*Source data:*
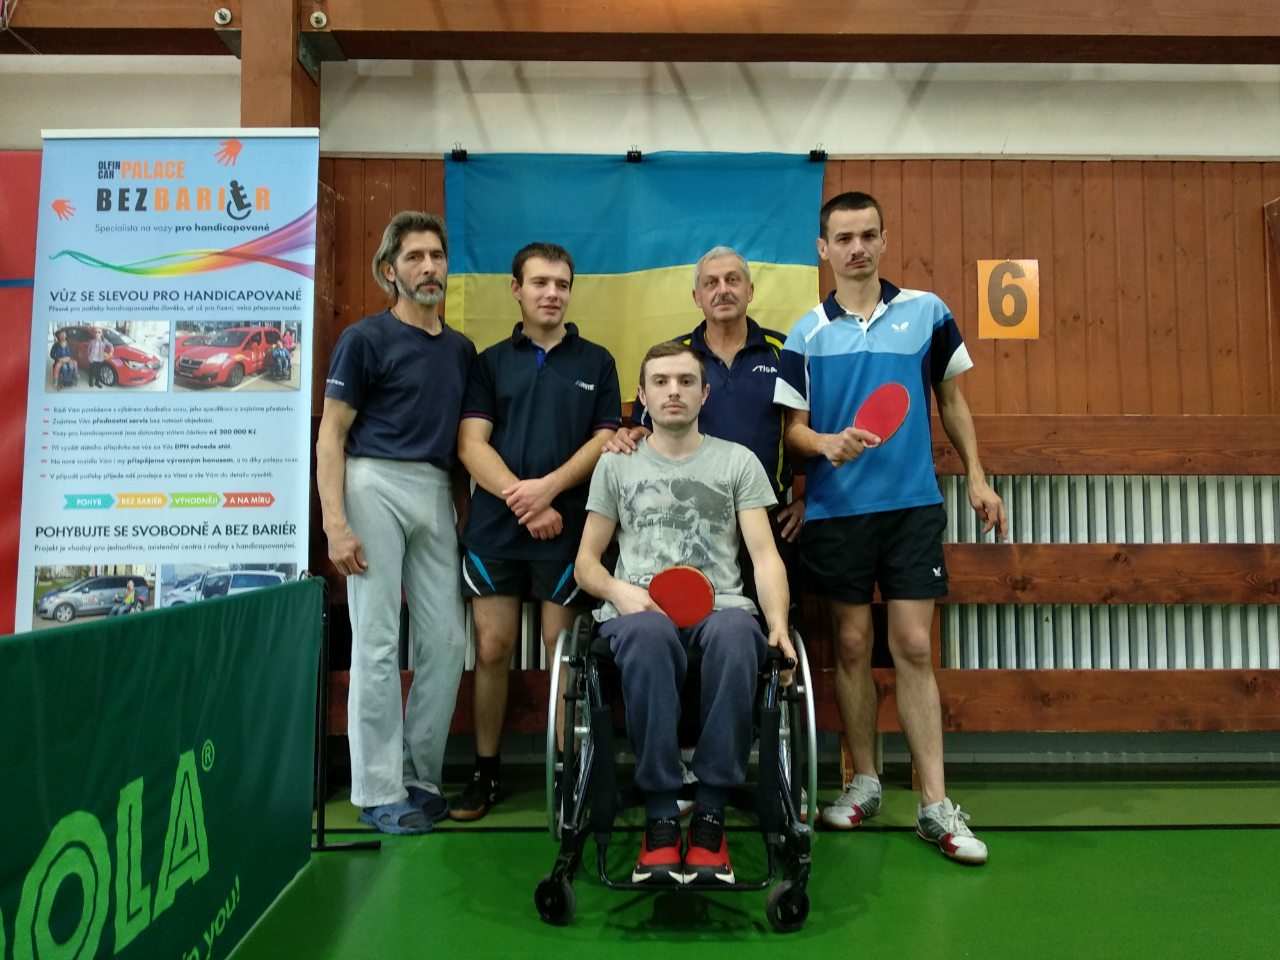 15-18 листопада 2018 року в Чехії відбулись міжнародні змагання спортсменів-інвалідів з настільного тенісу – відкритий кубок міста Градець Кралове.
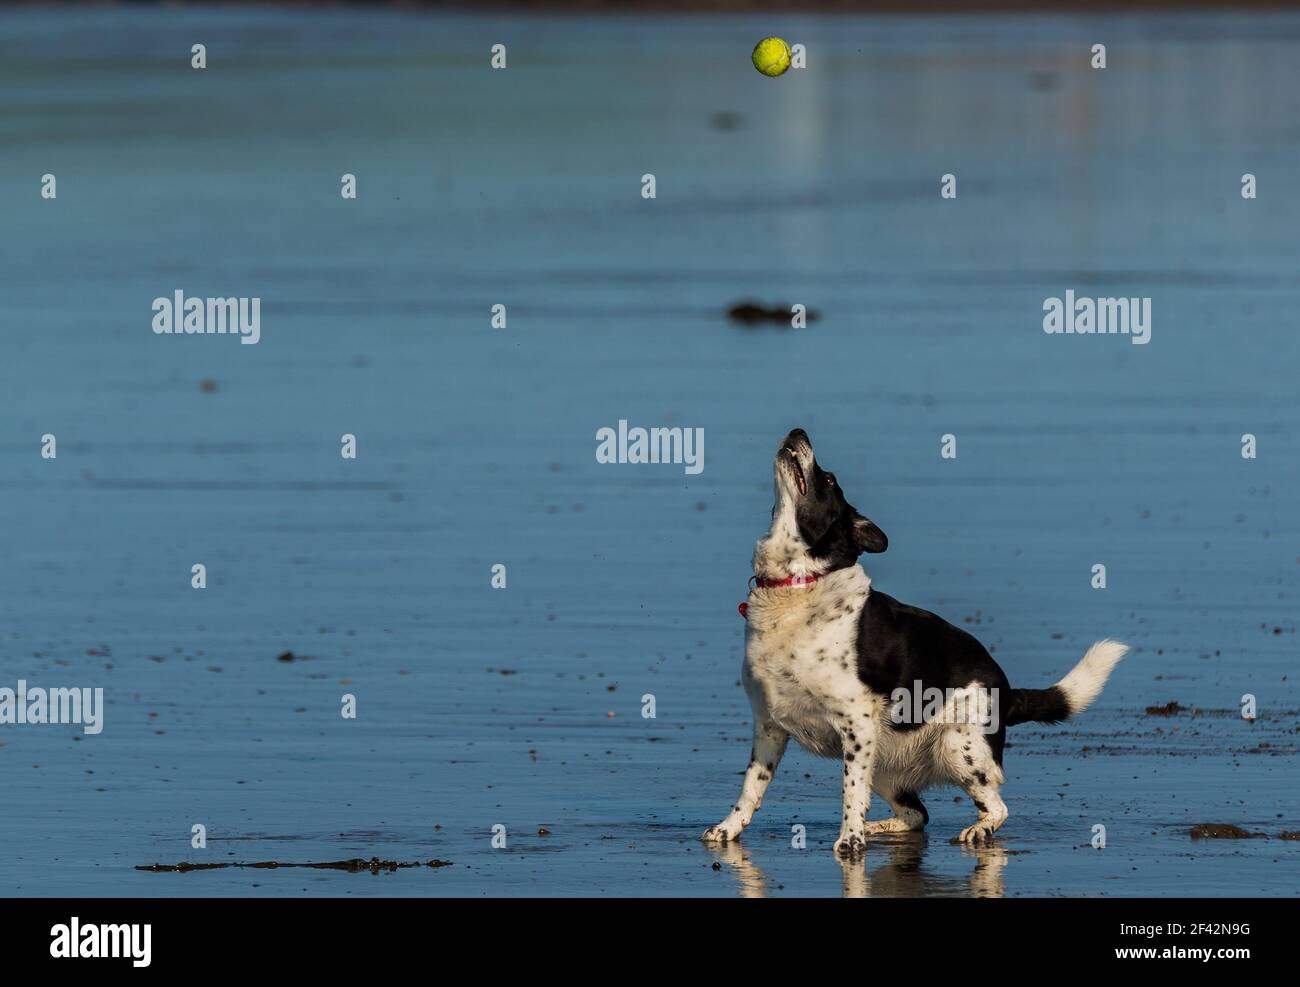 Schwarz-weißer Hund holt einen Tennisball an einem nassen Strand. Hund ist ein Border Collie. Schnellverschluss, um die Aktion einzufrieren. Stockfoto
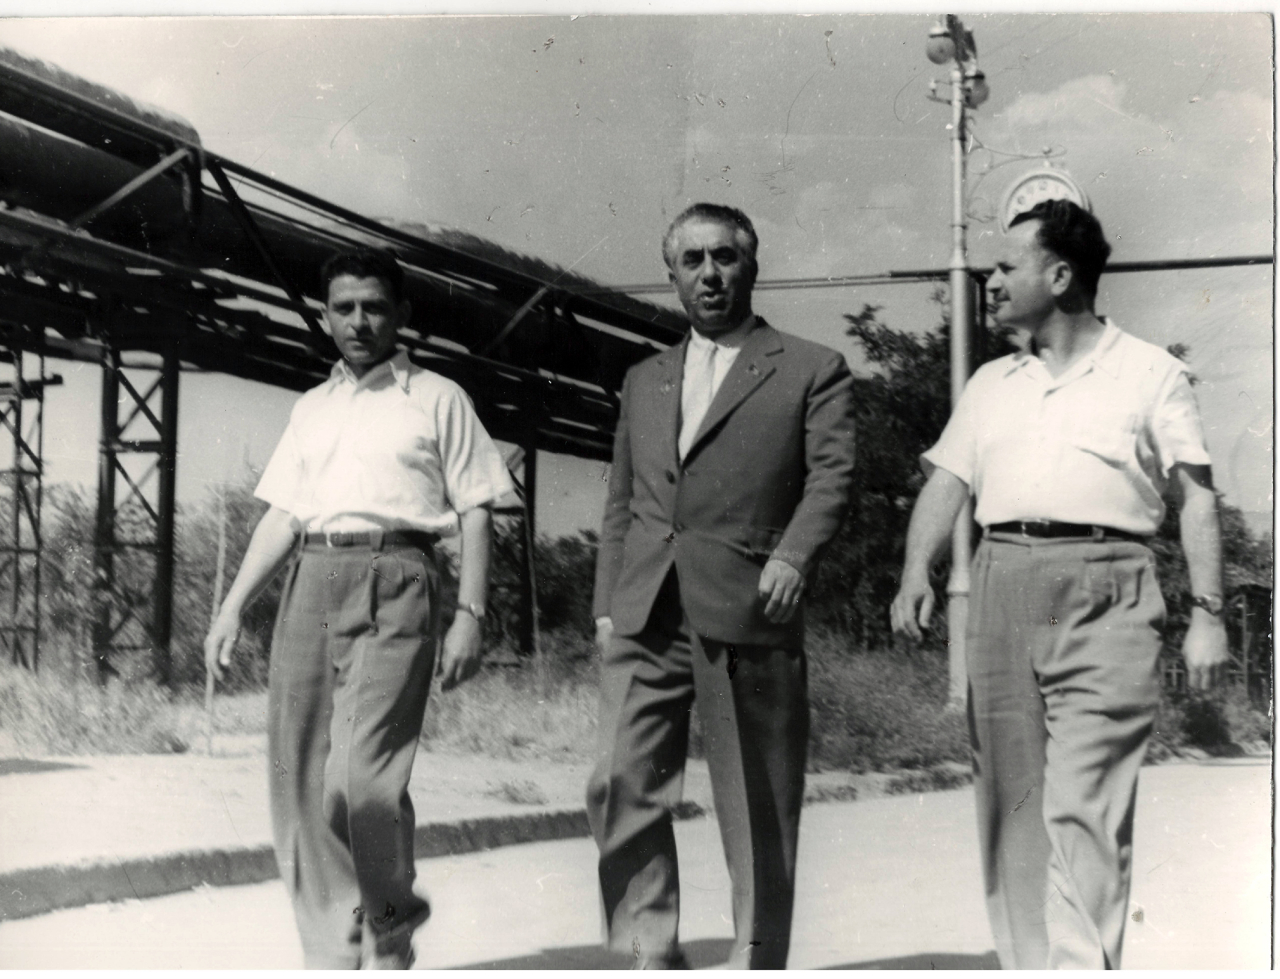 Լուսանկար. Ա. Խաչատրյանը Բ.Մուրադյանի (սինթետիկ կաուչուկի գործարանի տնօրեն) և Հ. Սահակյանի (նույն գործարանի գլխավոր  բժիշկ) հետ գործարանի տարածքում

*Activity:* Give again exactly the lines from the one that contains "Schwarz-weißer Hund holt" through the end of the material, both ends included, omitting the pictures.

*Answer for the task:*
 Schwarz-weißer Hund holt einen Tennisball an einem nassen Strand. Hund ist ein Border Collie. Schnellverschluss, um die Aktion einzufrieren. Stockfoto
 Լուսանկար. Ա. Խաչատրյանը Բ.Մուրադյանի (սինթետիկ կաուչուկի գործարանի տնօրեն) և Հ. Սահակյանի (նույն գործարանի գլխավոր  բժիշկ) հետ գործարանի տարածքում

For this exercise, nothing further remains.